American writer and photographer

Kim Heacox is an American author, photographer, musician, and environmental activist living in Gustavus, Alaska, at the entrance to Glacier Bay National Park. He was born in Lewiston, Idaho and grew up in Spokane, Washington. Heacox is best known for two of his books, The Only Kayak, a memoir (2005, 2020), and Jimmy Bluefeather, a novel (2015), both winners of the National Outdoor Book Award, and for his opinion pieces in The Guardian that focus primarily on the climate crisis, global biodiversity loss, and threats to U.S. public lands. His most recent book, On Heaven’s Hill, is a literary novel author Kimi Eisele praised as “the kind of story the planet needs right now.”

Heacox first arrived in Alaska in 1979 as a park ranger in Glacier Bay National Monument (today Glacier Bay National Park and Preserve). His memoir, The Only Kayak (a PEN USA Western Book Award finalist), describes that first summer in Alaska. Heacox has authored 17 books, including five published by National Geographic. His novel, Jimmy Bluefeather (2015), was the first work of fiction in over 20 years to win the National Outdoor Book Award. He has written opinion-editorials for The Guardian, the Washington Post, the Los Angeles Times, the Anchorage Daily News, and the Juneau Empire. He appears in the 2009 Ken Burns film The National Parks and has been featured on NPR's Living on Earth (discussing his biography, John Muir and the Ice That Started a Fire).

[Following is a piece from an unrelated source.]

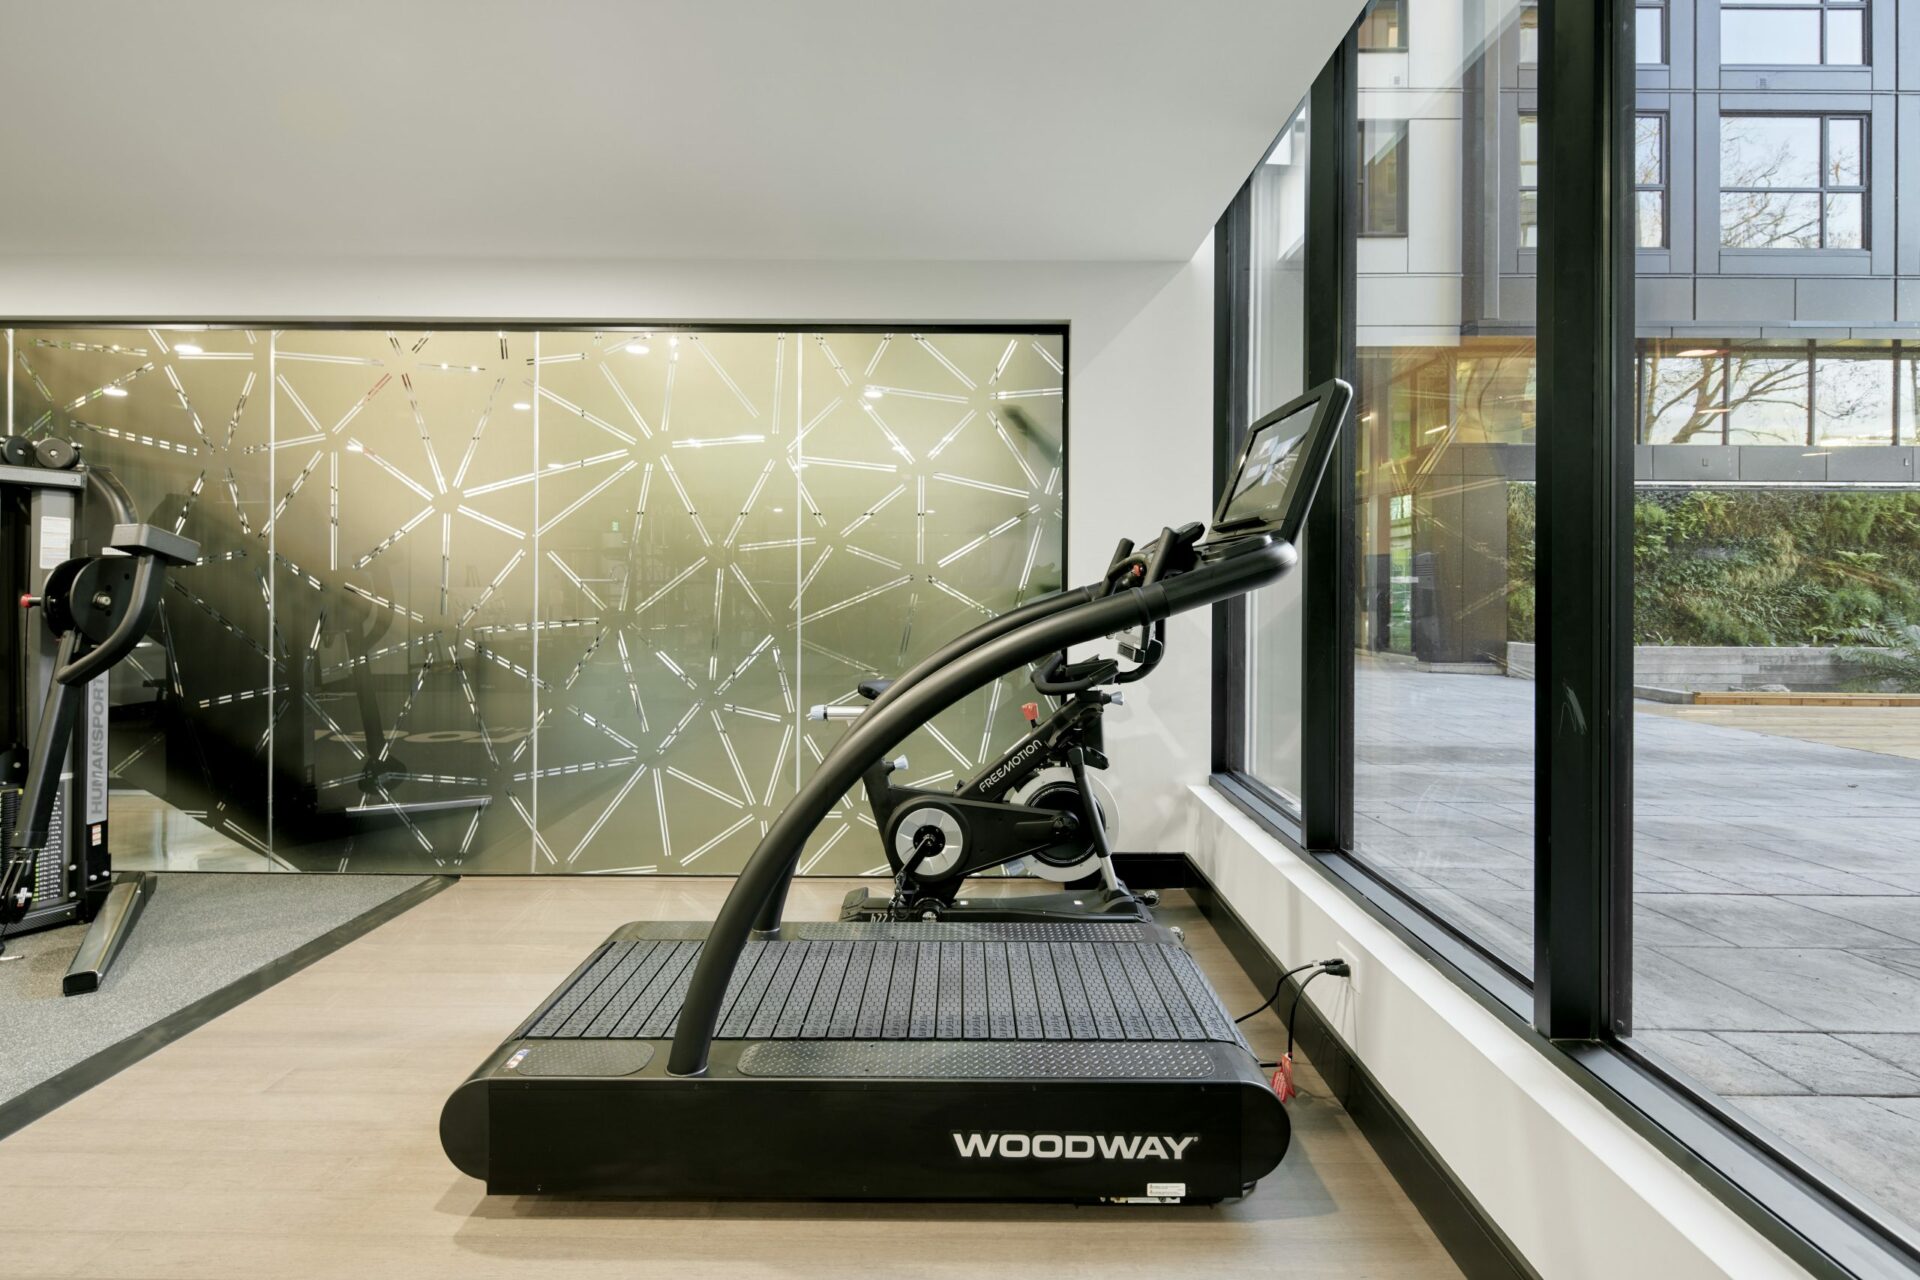 The Logan apartments with woodway treadmills

In 1985 he began writing for National Geographic Traveler, a new magazine, where his 1987 article on Mount St. Helens won the Lowell Thomas Award for excellence in travel journalism. (He won the same award a second time, in 1990, for a feature article on Alaska’s ABC Islands – Admiralty, Baranof & Chichagof – in Islands magazine). His first full-length National Geographic book, Visions of a Wild America (1996), explores the writings of John Muir, Aldo Leopold, Robert Marshall, Rachel Carson, Edward Abbey, Wallace Stegner and Marjory Stoneman Douglas, and the landscapes that inspired them.

Heacox was a professional nature photographer from 1984-2013. His images were sold around the world by the photo stock agencies Getty, DRK Photo, Peter Arnold and Accent Alaska. In 2000 he won the Daniel Housberg Wilderness Image Award for Excellence in Still Photography from the Alaska Conservation Foundation. In 2001 he served as the official photographer on the Harriman Alaska Expedition Retraced, organized by Smith College. Heacox’s photography, and his essay, “The Politics of Beauty,” appear in a book about that expedition, published by Rutgers University Press (2005). His photographs have been published in Audubon, Orion, Outside and Sierra magazines, in National Geographic and Smithsonian books, and in The Guardian and the Wall Street Journal, among other publications.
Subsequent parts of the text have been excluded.